We invite the community to contribute to LEPISZCZE by submitting model results. You can either manually fill in your submissions or use the embeddings library for automatic generation.
- 1.A Manually Filled Submissions
- 1.B Example Submissions
- 1.C Automatically Generated Submissions
- 2. Submitting submission as PR
- 3. Adding new dataset to LEPISZCZE
Submissions must include the following information:
| Required Submission Keys | Description |
|---|---|
| submission_name | Name of the submission file, following the convention: {dataset_name}_{model_name}. For the model allegro/herbert-large-cased, replace / with __. Example: for the abusive_clauses dataset and allegro/herbert-large-cased model, the name will be abusive_clauses_allegro__herbert-large-cased. |
| dataset_name | HuggingFace repository name of the dataset.
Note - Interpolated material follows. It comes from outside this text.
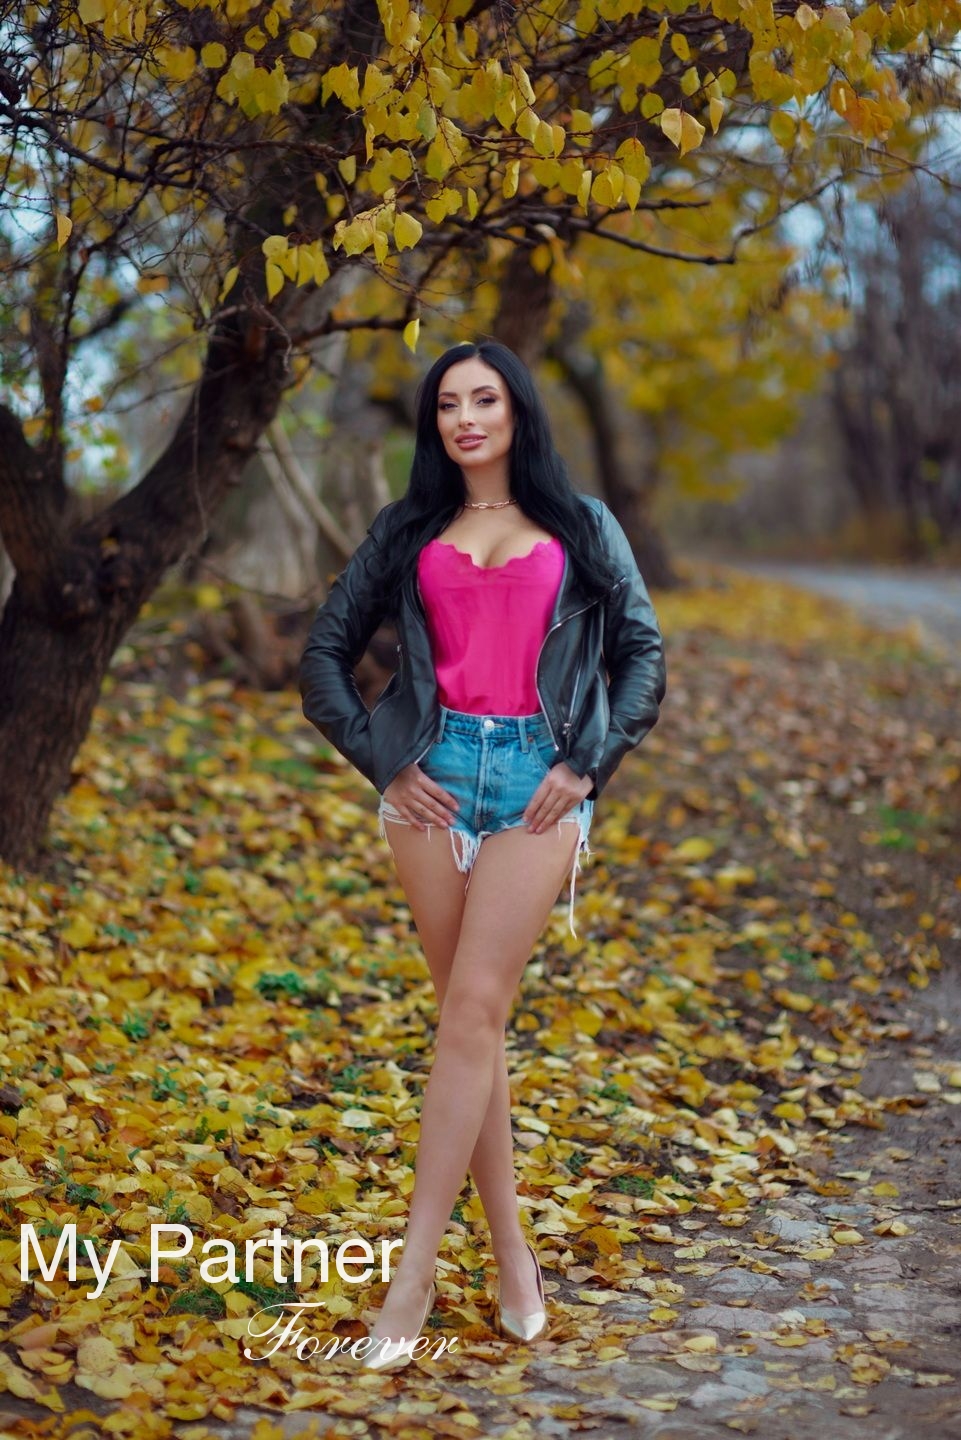 Dating Service to Meet Sexy Ukrainian Lady Olga from Kharkov, Ukraine

Example: laugustyniak/abusive-clauses. |
| dataset_version | Version of the dataset, e.g., 0.0.1. |
| embedding_name | HuggingFace repository name of the used embedding or model. Example: allegro/herbert-large-cased. |
| leaderboard_task_name | Choose a task name from LEPISZCZE’s leaderboard. Options: Abusive Clauses Detection, Aspect-based Sentiment Analysis, etc. |
| metrics | List of metrics as dictionaries. If no retraining was done, provide a single-element list. |
| metrics_avg | A dictionary of averaged metrics. If only one run was conducted, this matches the first element of the metrics sequence. |
| metrics_std | Mean standard deviation. For a single run, fill zeros for all provided metrics. |
| averaged_over | Number of runs performed. If only one evaluation was done, set to 1. |
There are also optional submission keys, but we strongly recommend including all information to improve reproducibility:
| Optional Submission Keys | Description |
|---|---|
| hparams | Mapping of hyperparameters with their values. |
| packages | Mapping of packages used for model training and evaluation, along with their versions. |
Submissions should be in .json format.
Question Answering sample submission file with packages provided.
{
"submission_name": "qa_all_Aleksandra__herbert-base-cased-finetuned-squad",
"dataset_name": "qa_all",
"dataset_version": "0.0.0",
"embedding_name": "Aleksandra/herbert-base-cased-finetuned-squad",
"hparams": {
"finetune_last_n_layers": 3,
"task_model_kwargs": {
"adam_epsilon": 1e-08,
"eval_batch_size": 32,
"learning_rate": 5e-06,
"optimizer": "AdamW",
"train_batch_size": 32,
"use_scheduler": false,
"warmup_steps": 100,
"weight_decay": 0.0001
},
"... (more packages)"
}
"packages": [
"absl-py==1.4.0",
"aiobotocore==2.5.0",
"aiohttp-retry==2.8.3",
"aiohttp==3.8.4",
"aioitertools==0.11.0",
"... (more packages)"
]
"leaderboard_task_name": "Question Answering",
"metrics": [
{
"HasAns_exact": 53.78787878787879,
"HasAns_f1": 69.3131673937266,
"NoAns_f1": 91.44496609285342,
"exact": 70.10169491525424,
"f1": 78.9011127284667
}
],
"metrics_avg": {
"HasAns_exact": 53.78787878787879,
"HasAns_f1": 69.3131673937266,
"NoAns_f1": 91.44496609285342,
"exact": 70.10169491525424,
"f1": 78.9011127284667
},
"metrics_std": {
"f1": 0,
"exact": 0,
"HasAns_f1": 0,
"HasAns_exact": 0,
"NoAns_f1": 0
},
"averaged_over": 1
}
- Install
embeddingspackage
pip install clarinpl-embeddings
- Put your data in accordance with comments
import datasets
import numpy as np
from embeddings.evaluator.evaluation_results import Predictions
from embeddings.evaluator.leaderboard import get_dataset_task
from embeddings.evaluator.submission import AveragedSubmission
from embeddings.utils.utils import get_installed_packages
DATASET_NAME = "clarin-pl/polemo2-official"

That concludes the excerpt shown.